Kyle McDonald and Lisa Kori use a Kinect and open source software to create custom jeans cheaply and efficiently.
How many pairs of jeans do you own that don't really fit you properly? Sure they used to fit when you bought them, and they fit nice for about two hours after they're fresh out of the cupboard after being washed but then, inevitably, they seem to grow ten sizes. That problem can probably be solved by spending a small fortune on designer brands—but who wants to do that? So how about creating your own custom pair, tailored to your body shape?
That's the idea behind Kyle McDonald and Lisa Kori Chung's Open Fit project. The project uses a Kinect camera to scan a person's body and then uses algorithms to generate tailored pants patterns. The software is open source and is available on GitHub for anyone to play around with. At the end of June the pair trialled their project at the Open Fit Lab, where the creation and sewing of these custom jeans became a performance.
McDonald's previous projects often feature open source software and his work often leads the field in R&D, opening it up for others to come and experiment, like he did with 3D scanning and face tracking. With this project he uses his 3D scanning knowledge and applies it to an idea that democratizes the world of custom-fit clothing.
McDonald reveals more about the project below.
The Creators Project: This project feels like a bit of a departure from your typical work. Can you tell us how your interest in fashion came about?
Kyle McDonald: During the NODE festival in Frankfurt this February, Lisa and I were talking about ideas for projects. My background is more in interactive art and computer vision, while she's spent a lot of time studying electronic art and the community, along with a healthy dose of hand crafted shoe making. She shared an idea she's had for years: creating a pop-up shop where people can have their measurements taken automatically, and receive a pair of custom fit jeans an hour later. Like a one hour photo center for jeans. I'd already talked with a lot of people about using 3D scanners to make measurements of bodies, so the part that got me really excited was when we started talking about the pattern generation.
A pair of OpenFit jeans
That's awesome. So how does the 3D scanning translate into generating a pair of custom jeans?
Before you sew a pair of jeans, you need to have a pattern to cut. And that pattern is derived from the body measurements using a complicated algorithm. While these algorithms can be found in tailoring manuals, most home sewers buy pre-made patterns drafted from very conventional designs. And the patterns and grading rules—the algorithms for sizing—used for mass-produced clothing are highly proprietary, built with software that can cost tens of thousands of dollars. With this software out of reach for small businesses and individual designers, many still use paper and go to pattern grading businesses that print the pattern in many sizes. But because pattern making is a series of geometric steps, the process, even for professional pattern makers and designers, still involves several passes of trial and error. Without the ability to quickly test what works and what doesn't, the pace of each design iteration can be really slow.
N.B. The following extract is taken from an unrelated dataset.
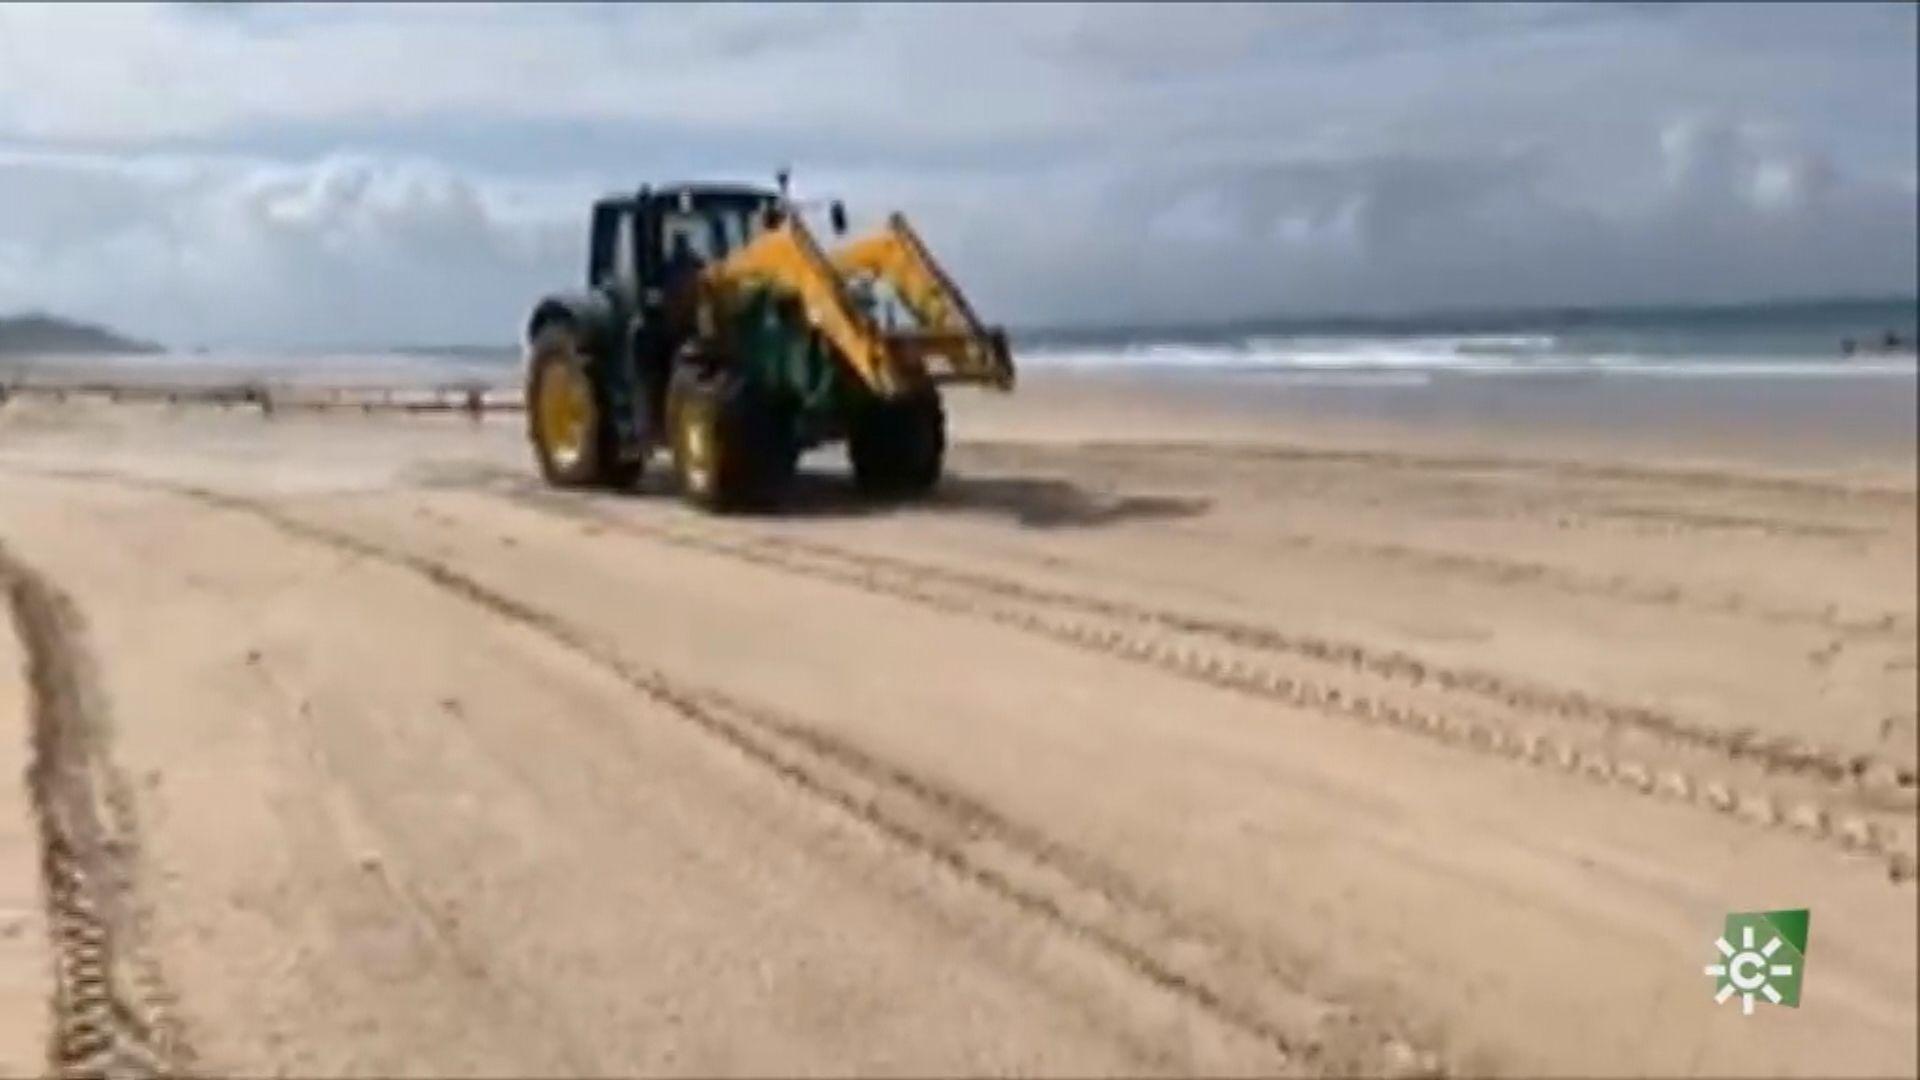 【環球薈報】西班牙官員以漂白水消毒海灘遭抨擊

Whenever I hear about technology that is inaccessible to creative people, I get excited about crafting an open source entry point. So Lisa and I sat down and started recreating some of the "by the book" pattern making techniques using Processing, and from there Lisa implemented her own drafting algorithms. We tested those patterns, and then I created a system to take a 15 circumferential and lengthwise body measurements almost instantaneously with a Kinect using openFrameworks and techniques from computer vision.
Using a Kinect, a 3D scan of a person's body is created to generate the precise measurements of their body and achieve the perfect fit
The computer generates a pattern based on custom measurements extracted from the 3D scan
The pattern is then projected onto the wall and traced onto fabric, which is then cut and sewn to make jeans
So tell us a bit about how the OpenFit Lab came to life IRL and what the results were.
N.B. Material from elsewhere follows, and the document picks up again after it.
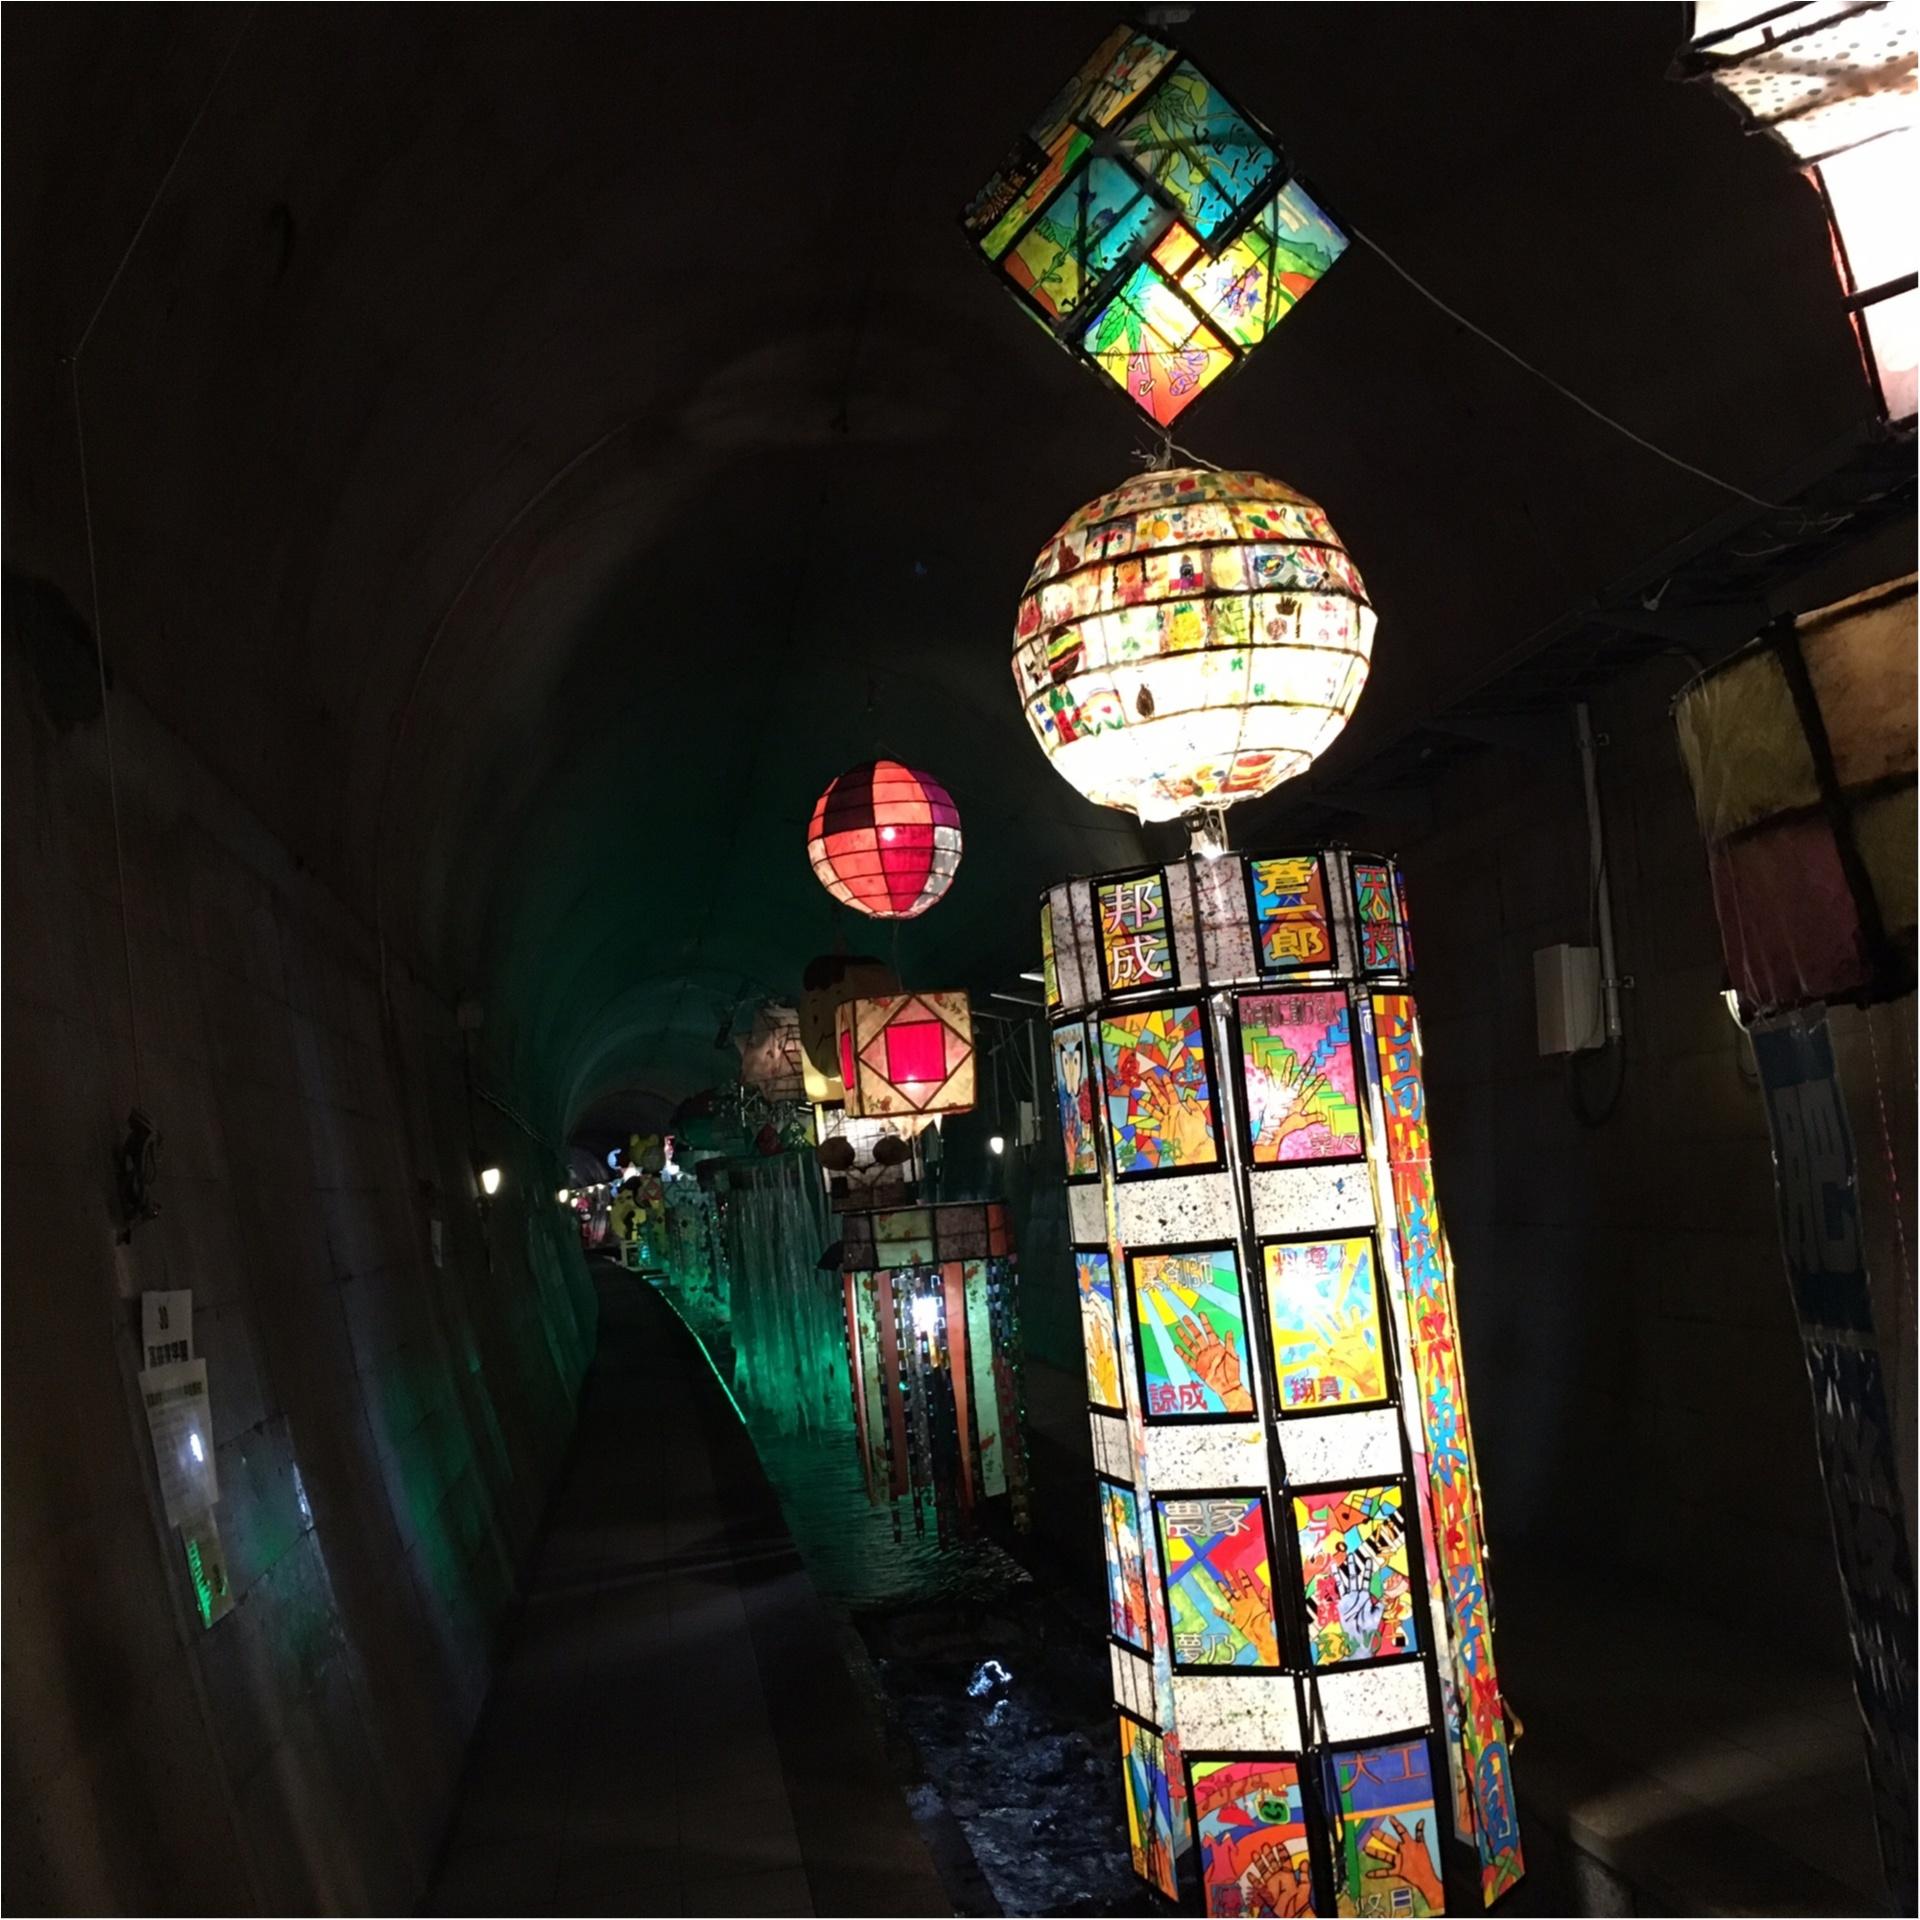 【動画で紹介!】熊本 阿蘇の「高森湧水トンネル」は幻想的なトンネルでデートにもオススメなんです!【#モアチャレ 熊本の魅力発信!】_1

We thought the most fun way to test everything out would be to mashup the pop-up shop idea with a party, so we invited a bunch of friends to Pinion Gallery in Brooklyn and made the first six people custom fit jeans. The only catch was that they had to wear skin-tight bright green leggings in front of all their friends, so we made sure to provide some proper cheering and sufficient alcohol. Even though all the software is very beta, a few pairs fit really well, even with all the room for errors in measuring, cutting, and sewing.
The sewing team at Pinion Gallery
How do you plan on developing the project? Where do you hope to take it and what are your goals?
The next steps will be further refining the pattern making software, and making it easier for new coders to create their own dynamic patterns. We're also really interested in exploring a 3D approach to pattern making that uses open source tools to create hyper-accurate meshes, and flattening them out, instead of the usual 2D approach which can have strange artifacts (poor fit) in edge cases. Soon we'll be announcing our next OFL event, and we're excited to get more people involved making their own patterns, continuing this work towards more sharing of pattern making and clothing production knowledge.
I still find it amazing that such a basic collection of knowledge—the rules that govern the clothing that each of us wears every day—is so esoteric and traditionally constrained. Hopefully through this project we can start to open up those processes a bit.
All photos courtesy Kyle McDonald and Lisa Kori's Flickr pool.